DATA PROVIDED section start

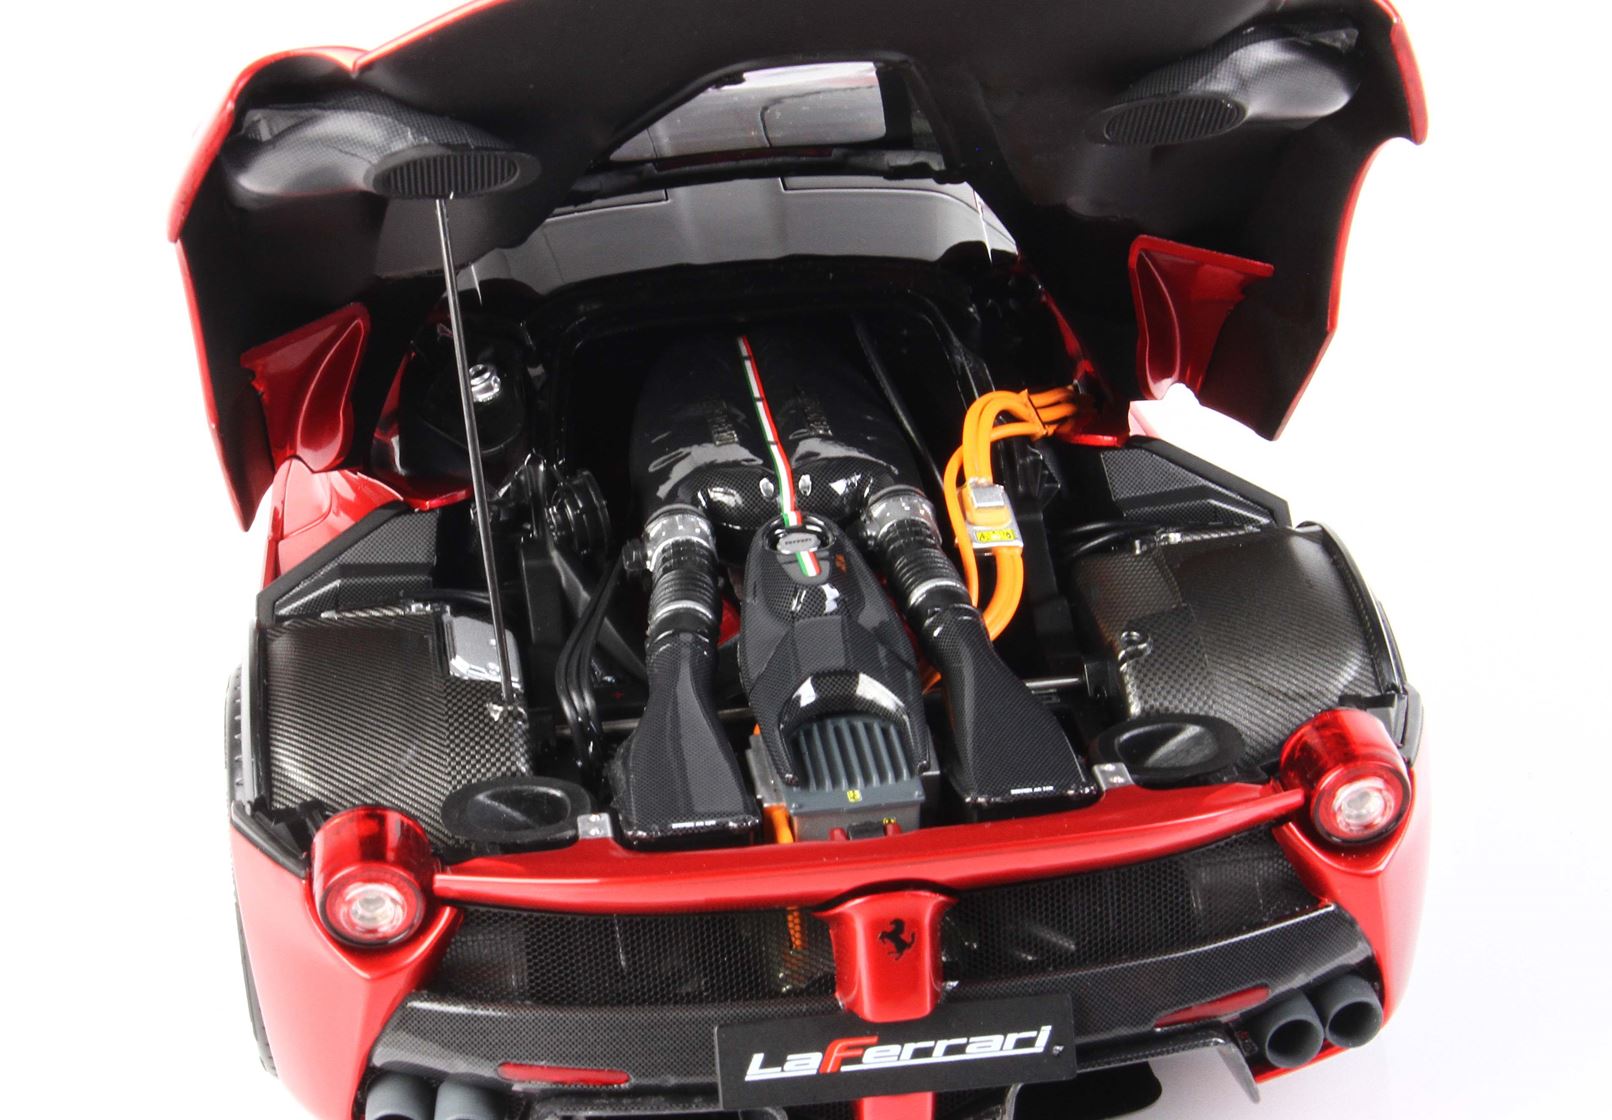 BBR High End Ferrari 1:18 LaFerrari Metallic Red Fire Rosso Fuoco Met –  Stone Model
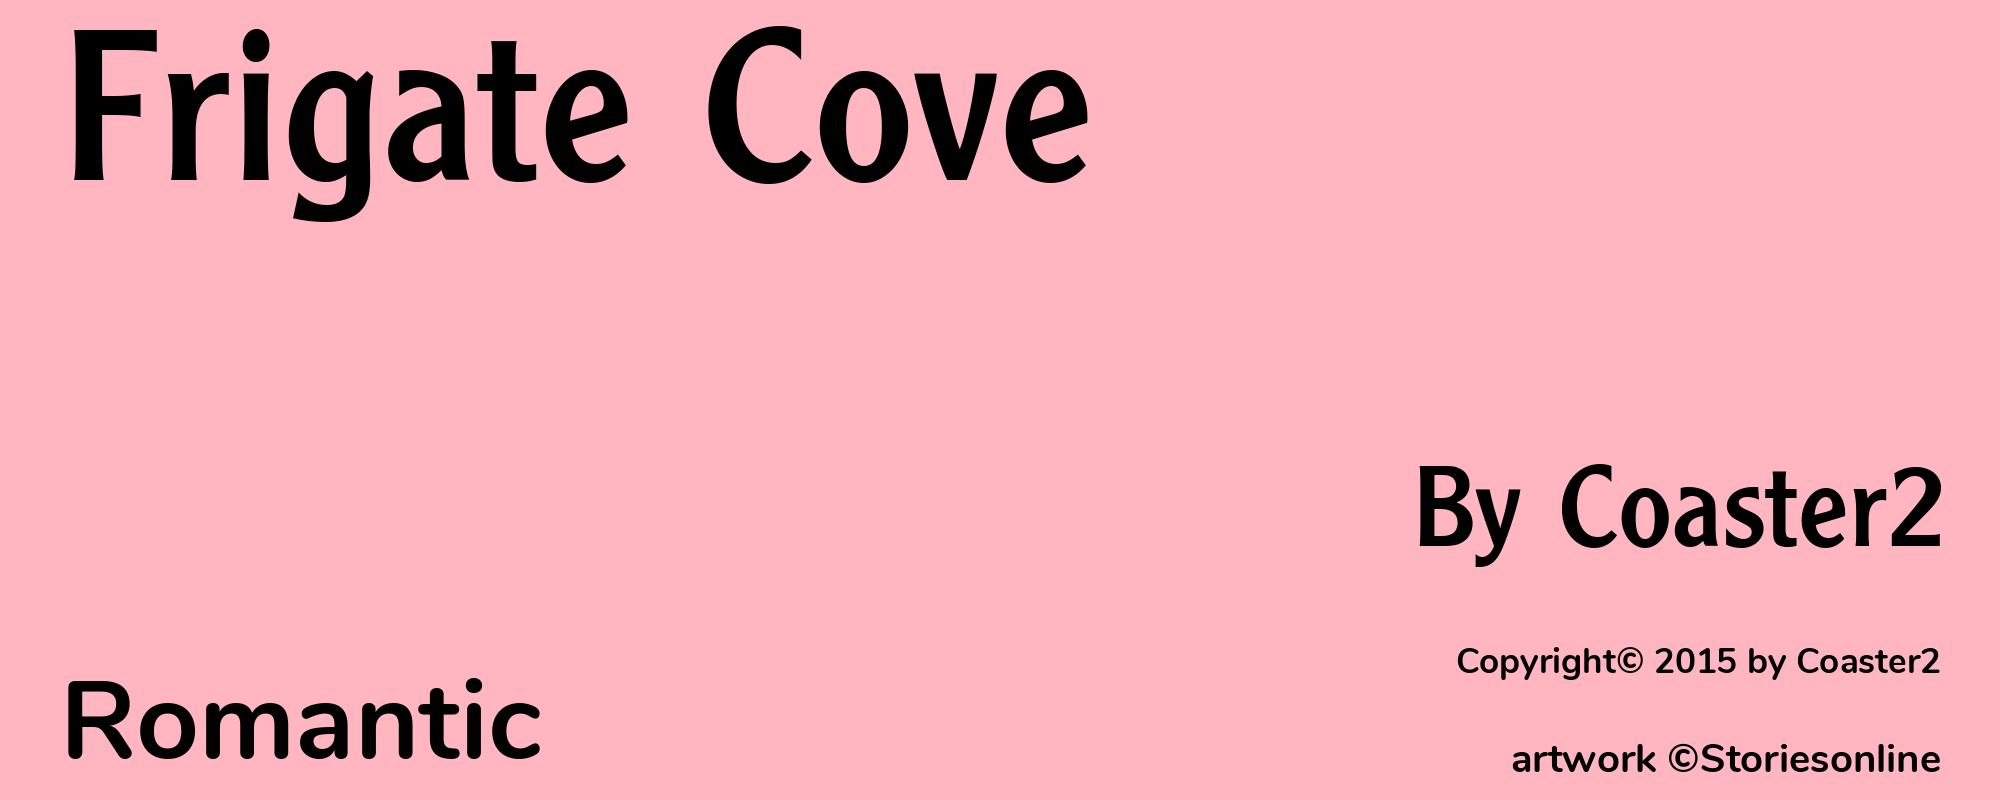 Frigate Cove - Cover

DATA PROVIDED section end
DATA PROVIDED section start

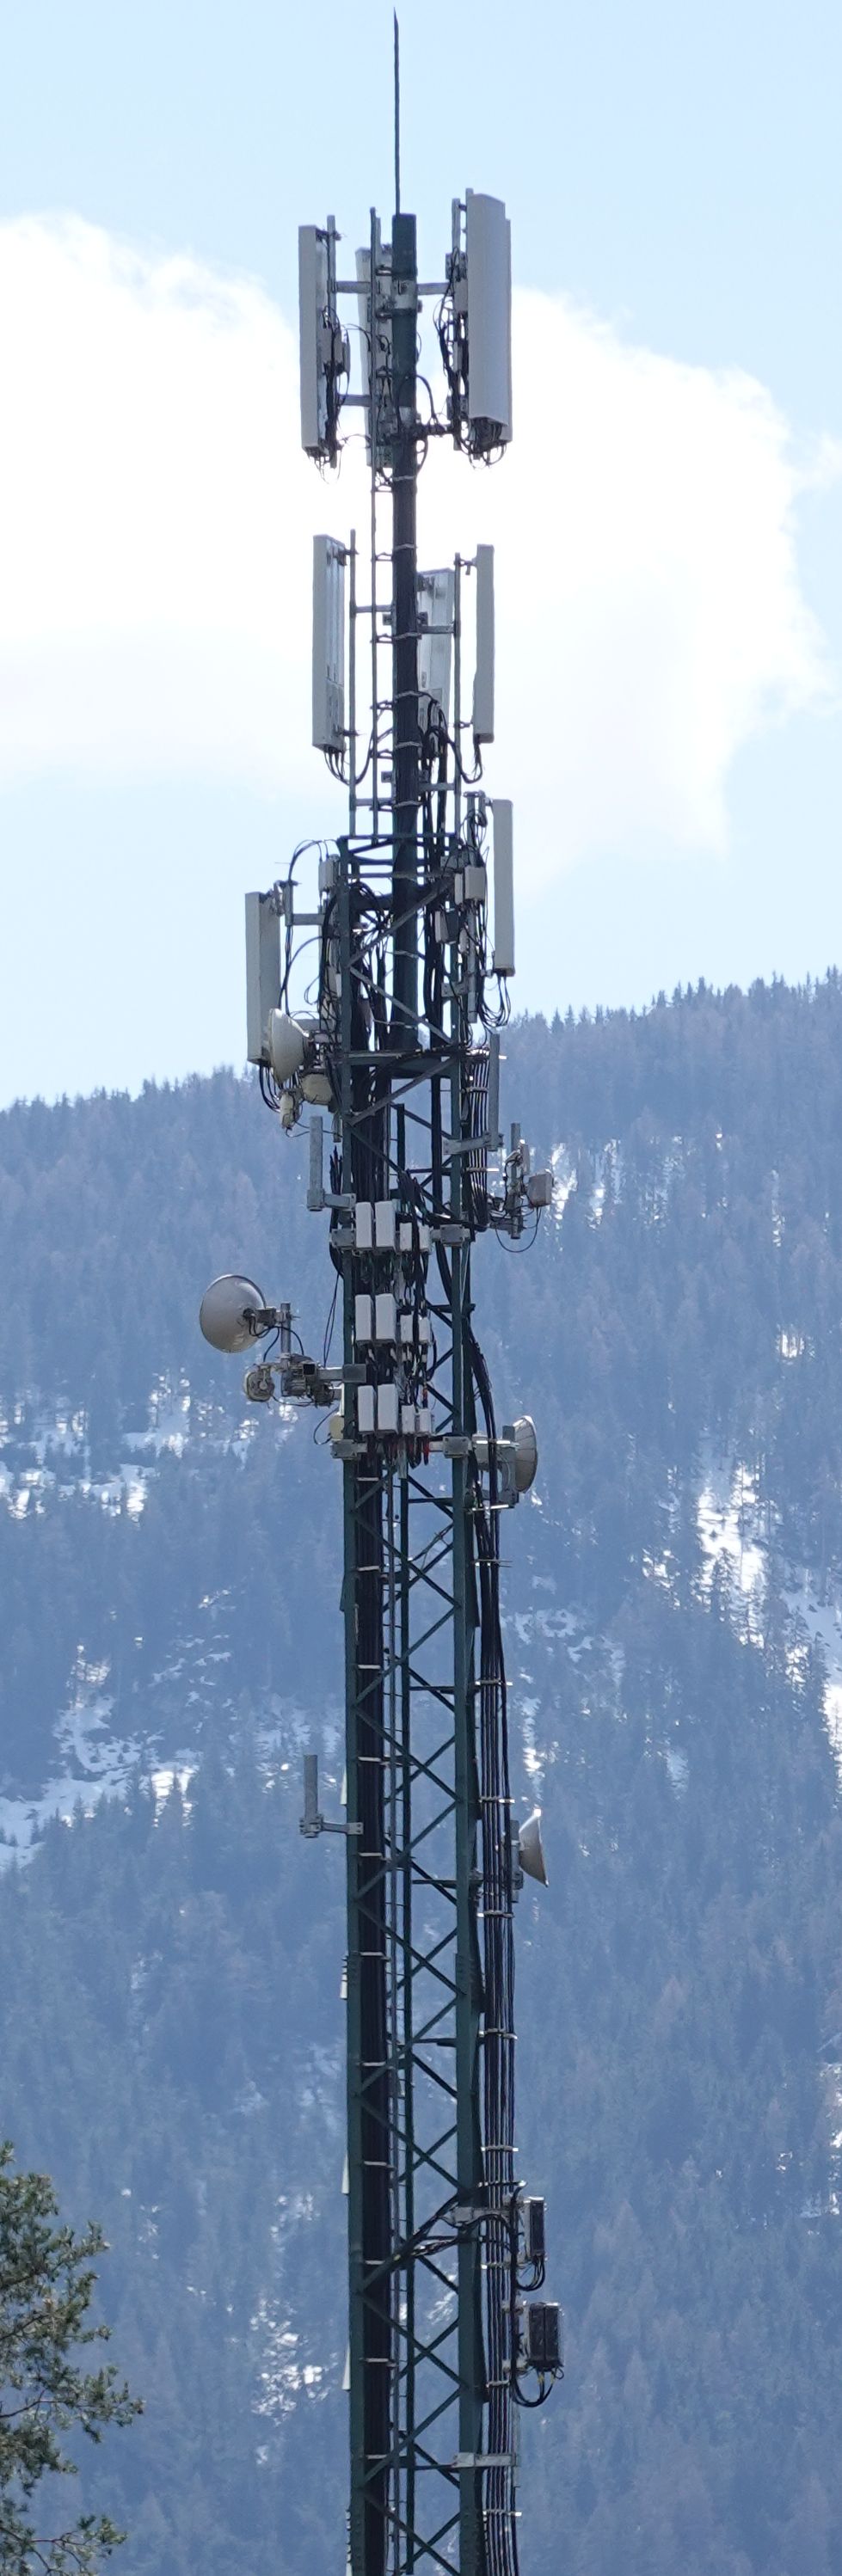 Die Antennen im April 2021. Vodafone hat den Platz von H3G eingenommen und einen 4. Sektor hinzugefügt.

DATA PROVIDED section end

_WHAT YOU HAVE TO DO_.
In the listing above, find the line containing "BBR High End" and the line containing "Frigate Cove - Cover", then return both of them and every line between, exactly, without pictures.

_ANSWER TO THE PROBLEM_.
 BBR High End Ferrari 1:18 LaFerrari Metallic Red Fire Rosso Fuoco Met –  Stone Model
 Frigate Cove - Cover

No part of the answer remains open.